**EXERCISE AIM:** The data must be reproduced verbatim; images are to be omitted.

**DATASET SECTION:**
##########
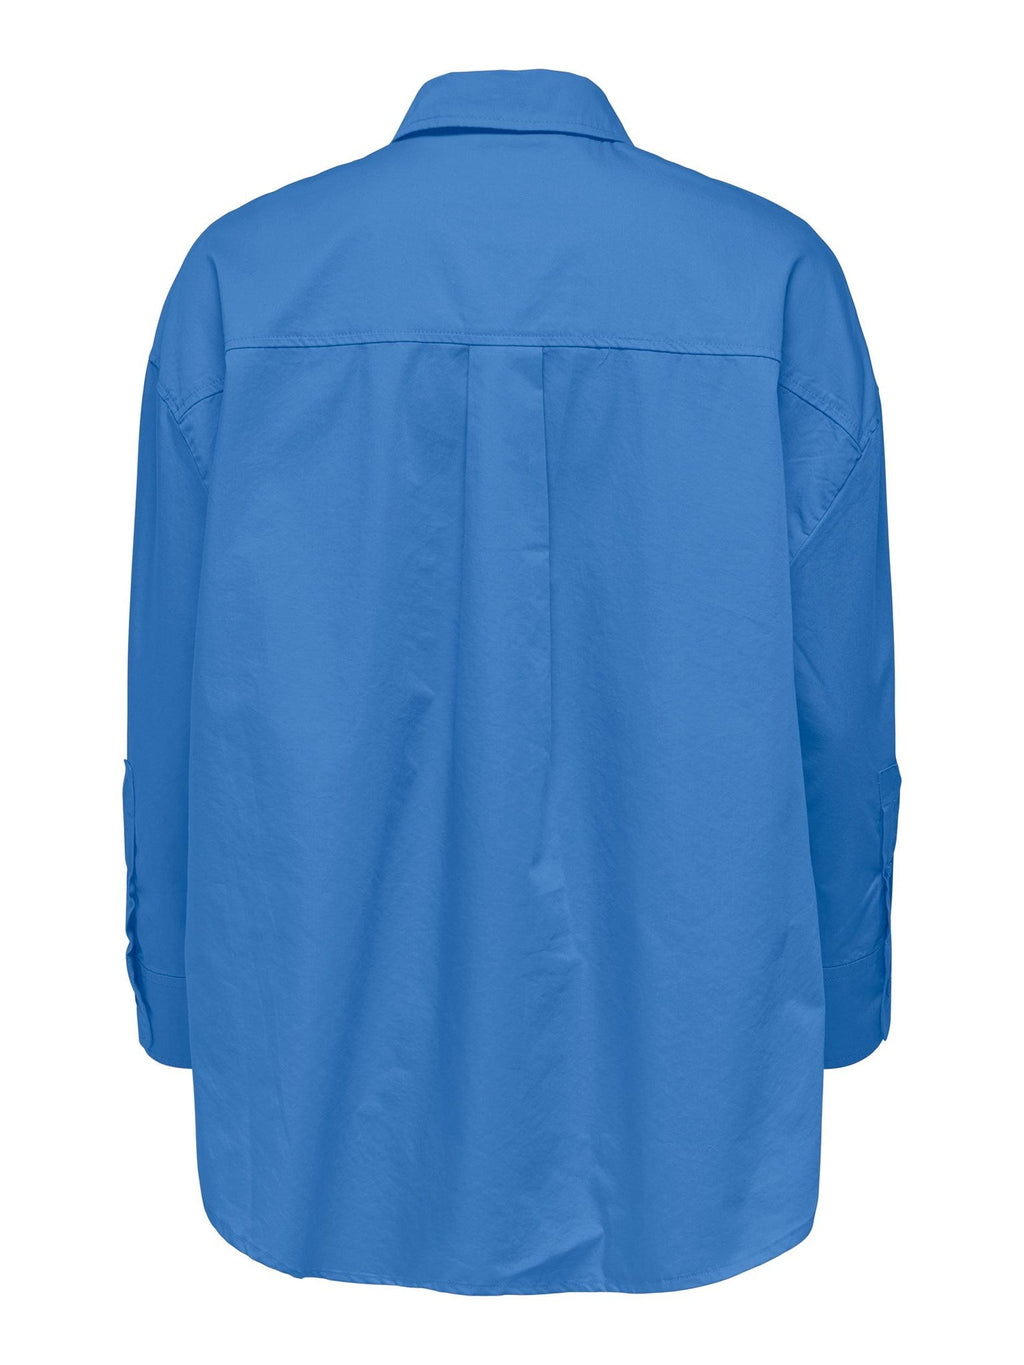 Corina Shirt - Bleu marine
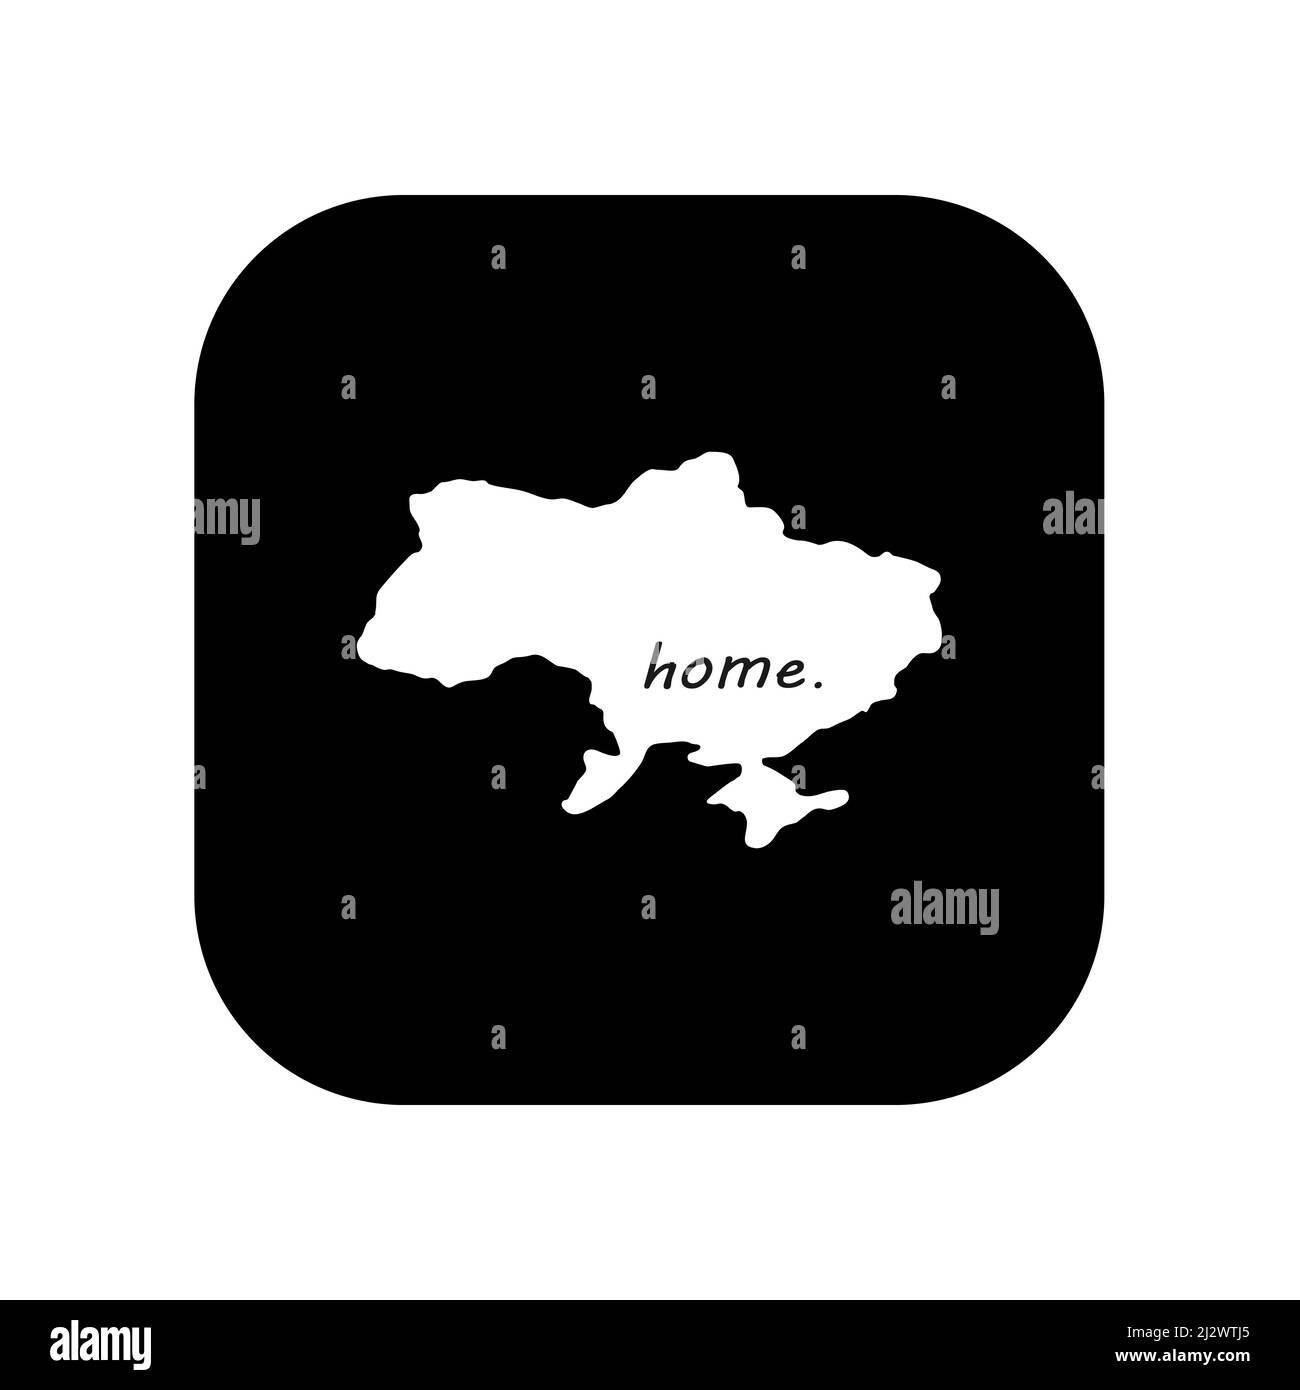 Icona per l'uso in applicazioni di vari gadget. Mappa del paese l'Ucraina è la mia casa. Stile minimalista e piatto. Illustrazione Vettoriale
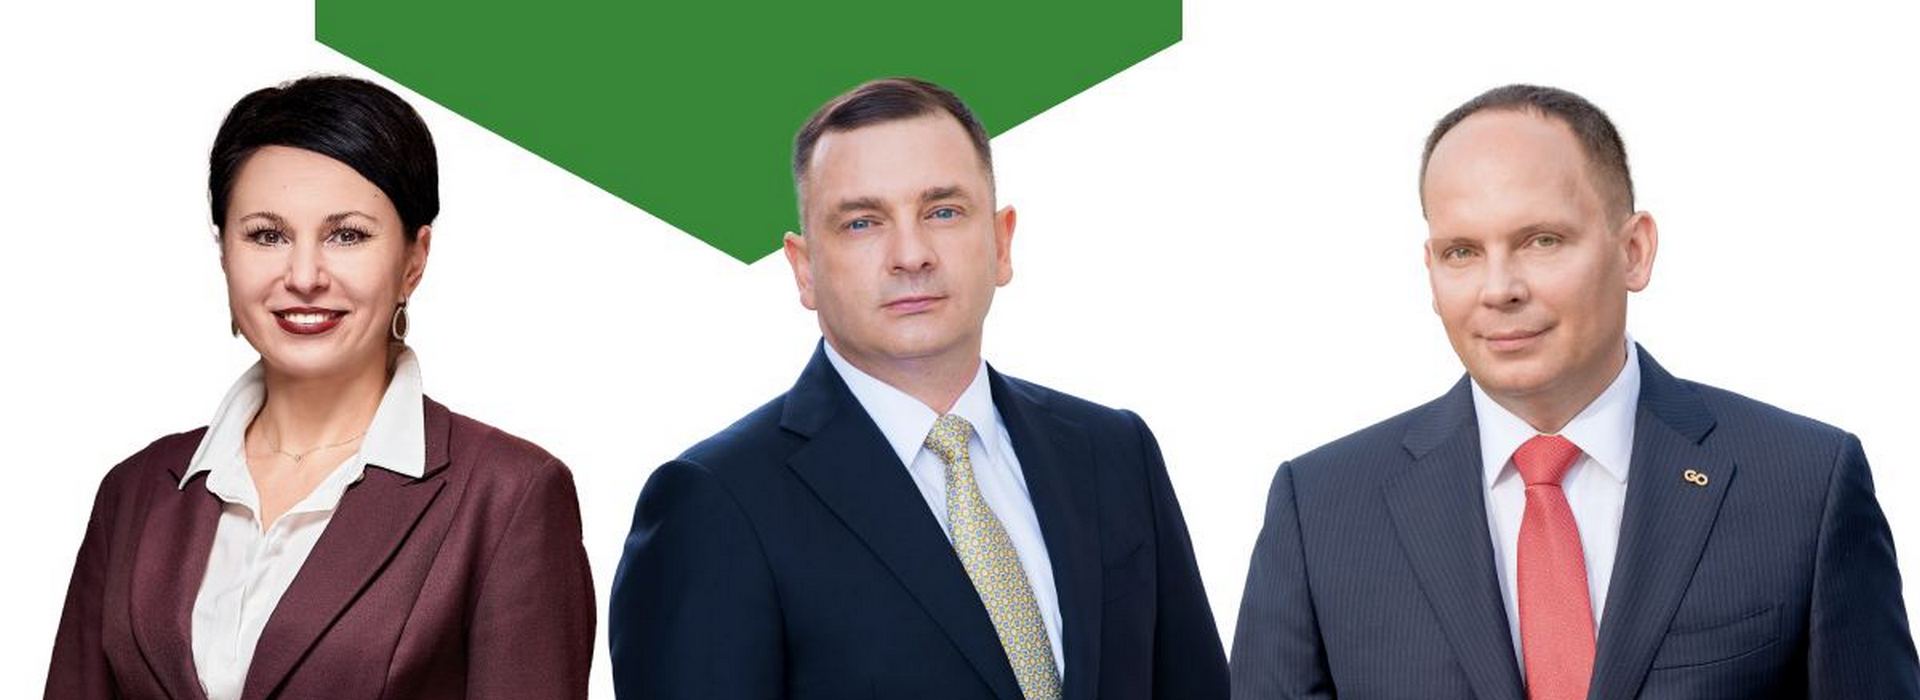 Адвокати GOLAW стали єдиними адвокатами України, що отримали найвище визнання – Global Leaders згідно з незалежним міжнародним рейтингом Who’s Who Legal 2022
##########
**ANSWER:**
 Corina Shirt - Bleu marine
 Icona per l'uso in applicazioni di vari gadget. Mappa del paese l'Ucraina è la mia casa. Stile minimalista e piatto. Illustrazione Vettoriale
 Адвокати GOLAW стали єдиними адвокатами України, що отримали найвище визнання – Global Leaders згідно з незалежним міжнародним рейтингом Who’s Who Legal 2022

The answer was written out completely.